This repository contains the code for the paper "Penalized Fair Regression for Multiple Groups in Chronic Kidney Disease" by Carter H. Nakamoto, Lucia Lushi Chen, Agata Foryciarz, and Sherri Rose, https://arxiv.org/abs/2512.17340.

Data citation for American Family Cohort: Stanford Center for Population Health Sciences (2024). AFC OMOP RIF. Redivis. DOI:10.71778/V2DW-7A53.
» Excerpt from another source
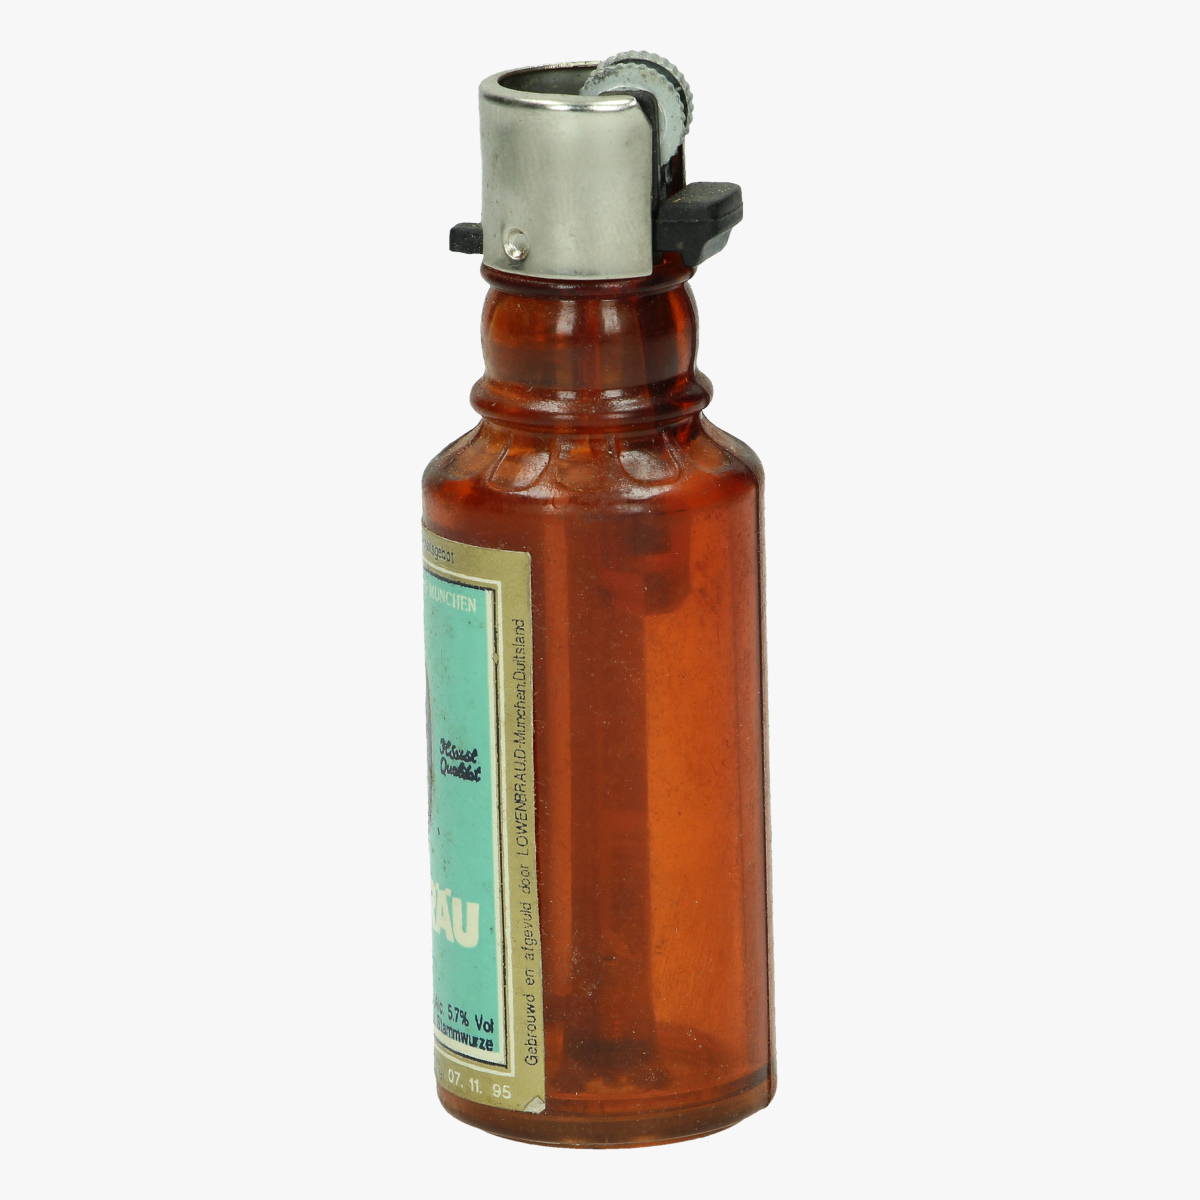 Afbeeldingen van aansteker flesje lowenbrau navulbaar

Setting up this repository

Running esrd_analytic.qmd and rendering penalty_writeup.pdf require access to the Nero Google Cloud Platform developed by PHS, Stanford University School of Medicine, and Stanford Research Computing Center. Follow these steps to set up a Nero instance on which files in this repository can be run.
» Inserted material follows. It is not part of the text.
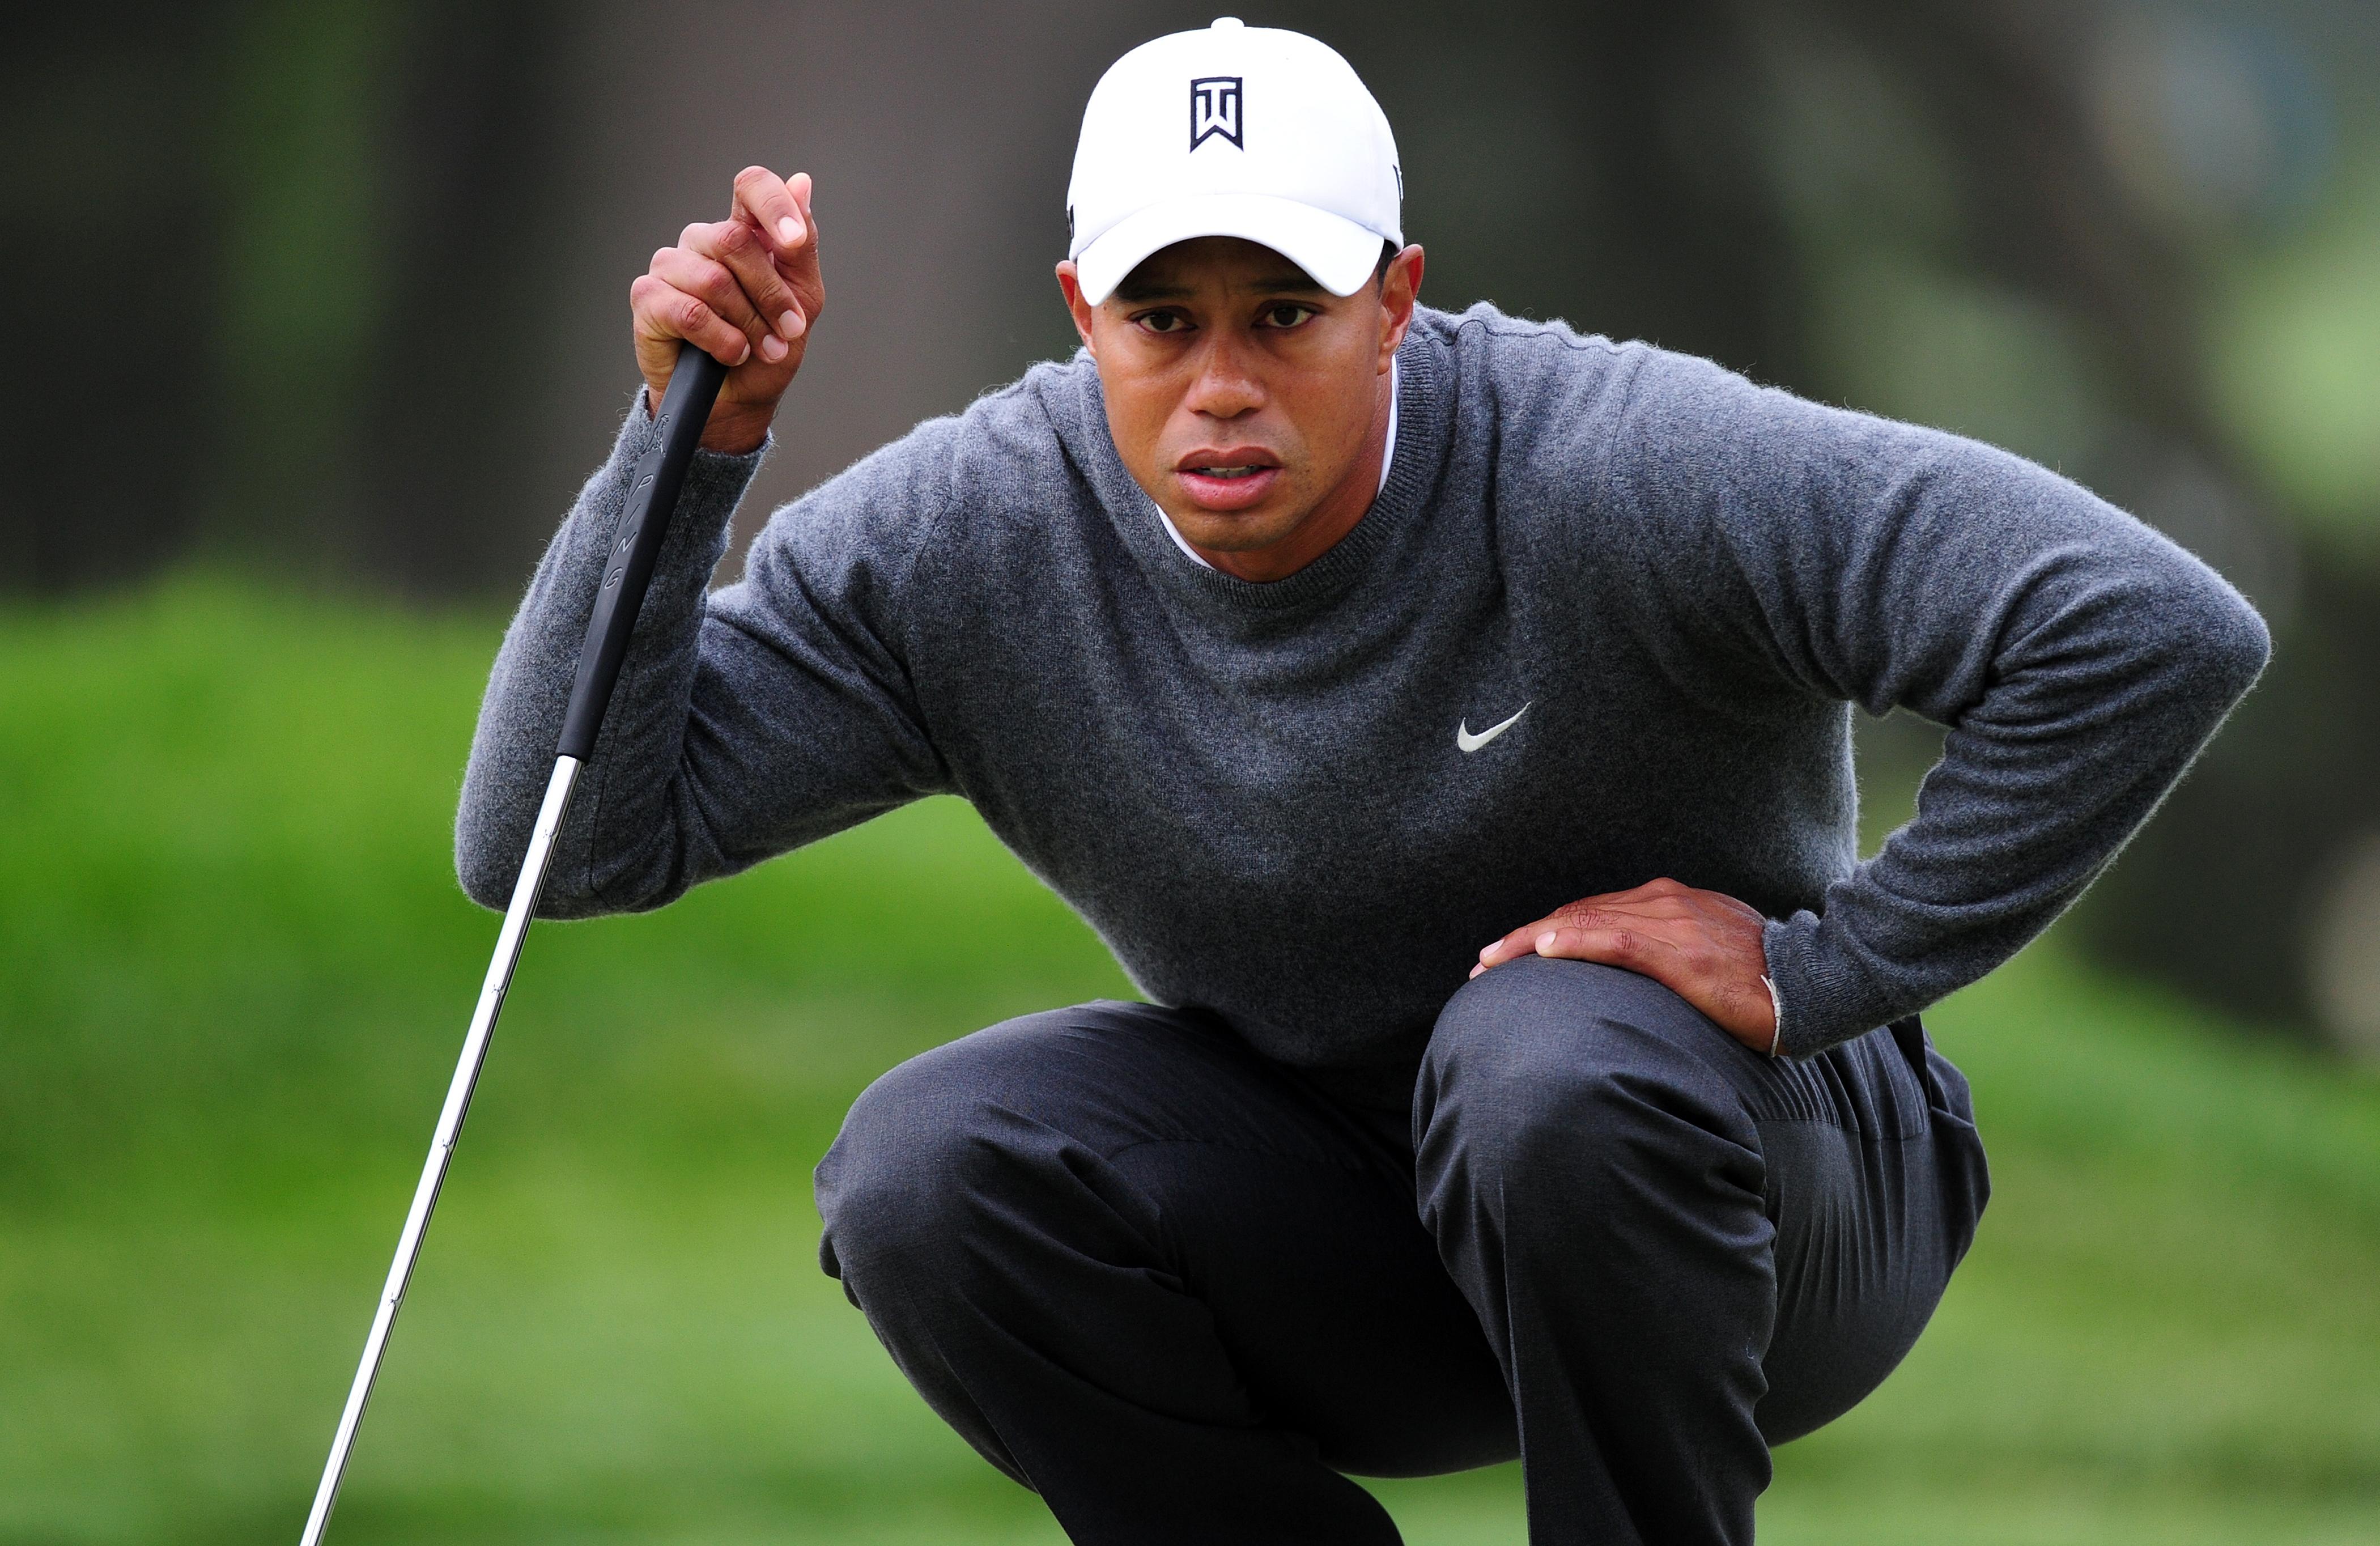 US Open 2012 - Tiger Woods

Navigating this repository

├── README.md
├── _extensions
├── code
│   ├── comps.py
│   ├── pen_regression.py
│   ├── simpop.py
├── sherlock
│   ├── comp_batch.sbatch
│   ├── comps_caller.sbatch
│   ├── grid_of_grids.sbatch
│   ├── indiv_batch.sbatch
│   ├── penalty_iteration.py
│   ├── result_combiner.py
│   ├── result_combiner.sbatch
│   ├── vary_draws.sbatch
├── tables
├── appendix.pdf
├── appendix.qmd
├── esrd_analytic.html
├── esrd_analytic.qmd
├── ESRD_fullpipe.sql
├── fairpenalties.bib
├── Makefile
├── penalty_writeup.pdf
├── penalty_writeup.qmd
├── pyproject.toml
└── uv.lock

The code directory contains scripts for performing the analysis described in penalty_writeup.pdf. The primary script of interest is code/pen_regression.py, which contains the functions to perform the proposed novel penalized regression (including code to calculate the score function and perform the corresponding random search for penalty weights). Additionally, code/simpop.py contains functions that generate the simulated data and code/comps.py contains functions to run the comparison methods. The code should be run with uv commands corresponding to this repository.
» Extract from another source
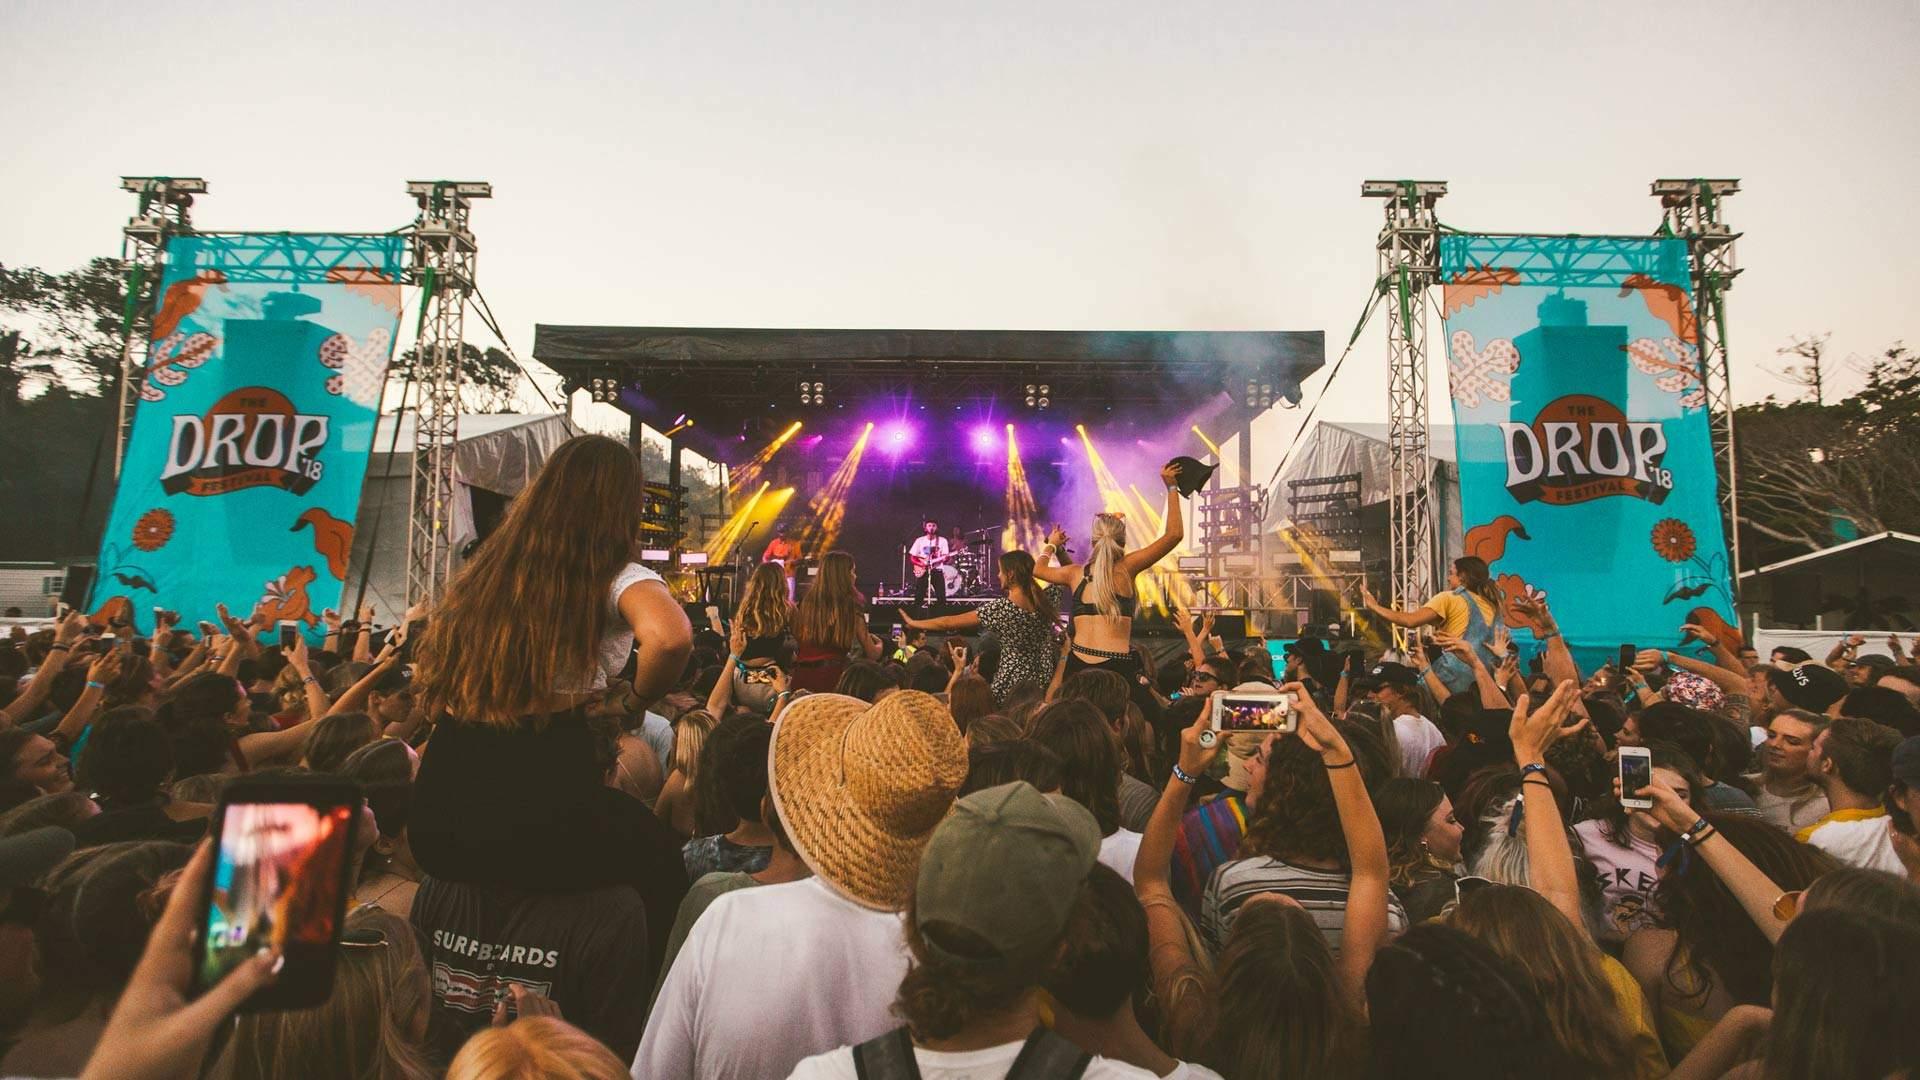 The Drop Festival 2019

The analyses in this project can be broken down into the synthetic analyses, which were conducted on Stanford's research computing platform Sherlock, and the CKD progression analysis in the AFC data, which were conducted through the Stanford Nero Google Cloud Platform.

Simulations on Sherlock

First, the package fairlearn must be installed to run comps_caller.sbatch. Instructions for package installation on the platform are here, although it may be preferable to use the command “python3.12 -m pip install --user fairlearn”. To conduct the Sherlock analyses, move the code folder and the contents of the sherlock folder onto the research computing platform then run the following commands:

sbatch comps_caller.sbatch
sbatch grid_of_grids.sbatch
sbatch vary_draws.sbatch

Each command will run a batch of jobs, each of which will generate a single result CSV. These CSV files were combined using result_combiner.sbatch after each batch of jobs and renamed to create files comp_res.csv (corresponding to comps_caller.sbatch), drawcounts_{i}.csv (corresponding to vary_draws.sbatch), and penalty_res_{i}.csv (corresponding to grid_of_grids.sbatch), which are used in the manuscript. vary_draws.sbatch must be called 5 times to achieve the 100 replications used in the published analysis.

CKD Analysis

Conducting the CKD analysis requires access to the AFC data through the Stanford Nero Google Cloud Platform, set up as described above. We also draw on eGFR data from Foryciarz et al (2025), medRxiv:10.1101/2025.04.03.25325206 (code here). Given correct file access, the first step in the CKD analysis is running the SQL script ESRD_fullpipe.sql to generate a cohort.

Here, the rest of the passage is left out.